The data.
+++

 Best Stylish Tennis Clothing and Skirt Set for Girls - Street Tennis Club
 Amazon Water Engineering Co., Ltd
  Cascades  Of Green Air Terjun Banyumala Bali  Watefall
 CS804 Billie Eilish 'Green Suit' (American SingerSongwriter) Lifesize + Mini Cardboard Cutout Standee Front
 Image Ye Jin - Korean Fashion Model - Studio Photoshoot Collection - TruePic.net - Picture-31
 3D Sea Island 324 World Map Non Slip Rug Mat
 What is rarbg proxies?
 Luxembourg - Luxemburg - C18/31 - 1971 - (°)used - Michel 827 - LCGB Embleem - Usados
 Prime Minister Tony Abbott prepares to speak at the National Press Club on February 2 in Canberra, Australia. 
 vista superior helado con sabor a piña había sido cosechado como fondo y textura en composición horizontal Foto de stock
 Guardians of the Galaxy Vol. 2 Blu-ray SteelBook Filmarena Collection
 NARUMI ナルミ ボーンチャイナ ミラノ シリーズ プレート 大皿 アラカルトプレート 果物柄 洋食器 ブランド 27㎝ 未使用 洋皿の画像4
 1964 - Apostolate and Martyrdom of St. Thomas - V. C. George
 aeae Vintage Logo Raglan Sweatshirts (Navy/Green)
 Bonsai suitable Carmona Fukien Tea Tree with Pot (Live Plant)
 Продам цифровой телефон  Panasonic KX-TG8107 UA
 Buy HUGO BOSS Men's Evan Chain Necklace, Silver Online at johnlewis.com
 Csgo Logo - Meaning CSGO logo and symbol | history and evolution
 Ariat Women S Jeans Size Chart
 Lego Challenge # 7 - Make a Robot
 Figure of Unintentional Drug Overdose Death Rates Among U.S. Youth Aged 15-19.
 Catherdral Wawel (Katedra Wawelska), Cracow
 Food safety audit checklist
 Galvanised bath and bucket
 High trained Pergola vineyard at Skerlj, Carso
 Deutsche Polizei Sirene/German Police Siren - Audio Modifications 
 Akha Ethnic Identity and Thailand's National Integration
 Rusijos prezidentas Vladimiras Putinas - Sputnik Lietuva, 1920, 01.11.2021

+++

Copy exactly, and only, the lines from the line that contains "Продам цифровой телефон" through the end of the data above.

Finished task.
 Продам цифровой телефон  Panasonic KX-TG8107 UA
 Buy HUGO BOSS Men's Evan Chain Necklace, Silver Online at johnlewis.com
 Csgo Logo - Meaning CSGO logo and symbol | history and evolution
 Ariat Women S Jeans Size Chart
 Lego Challenge # 7 - Make a Robot
 Figure of Unintentional Drug Overdose Death Rates Among U.S. Youth Aged 15-19.
 Catherdral Wawel (Katedra Wawelska), Cracow
 Food safety audit checklist
 Galvanised bath and bucket
 High trained Pergola vineyard at Skerlj, Carso
 Deutsche Polizei Sirene/German Police Siren - Audio Modifications 
 Akha Ethnic Identity and Thailand's National Integration
 Rusijos prezidentas Vladimiras Putinas - Sputnik Lietuva, 1920, 01.11.2021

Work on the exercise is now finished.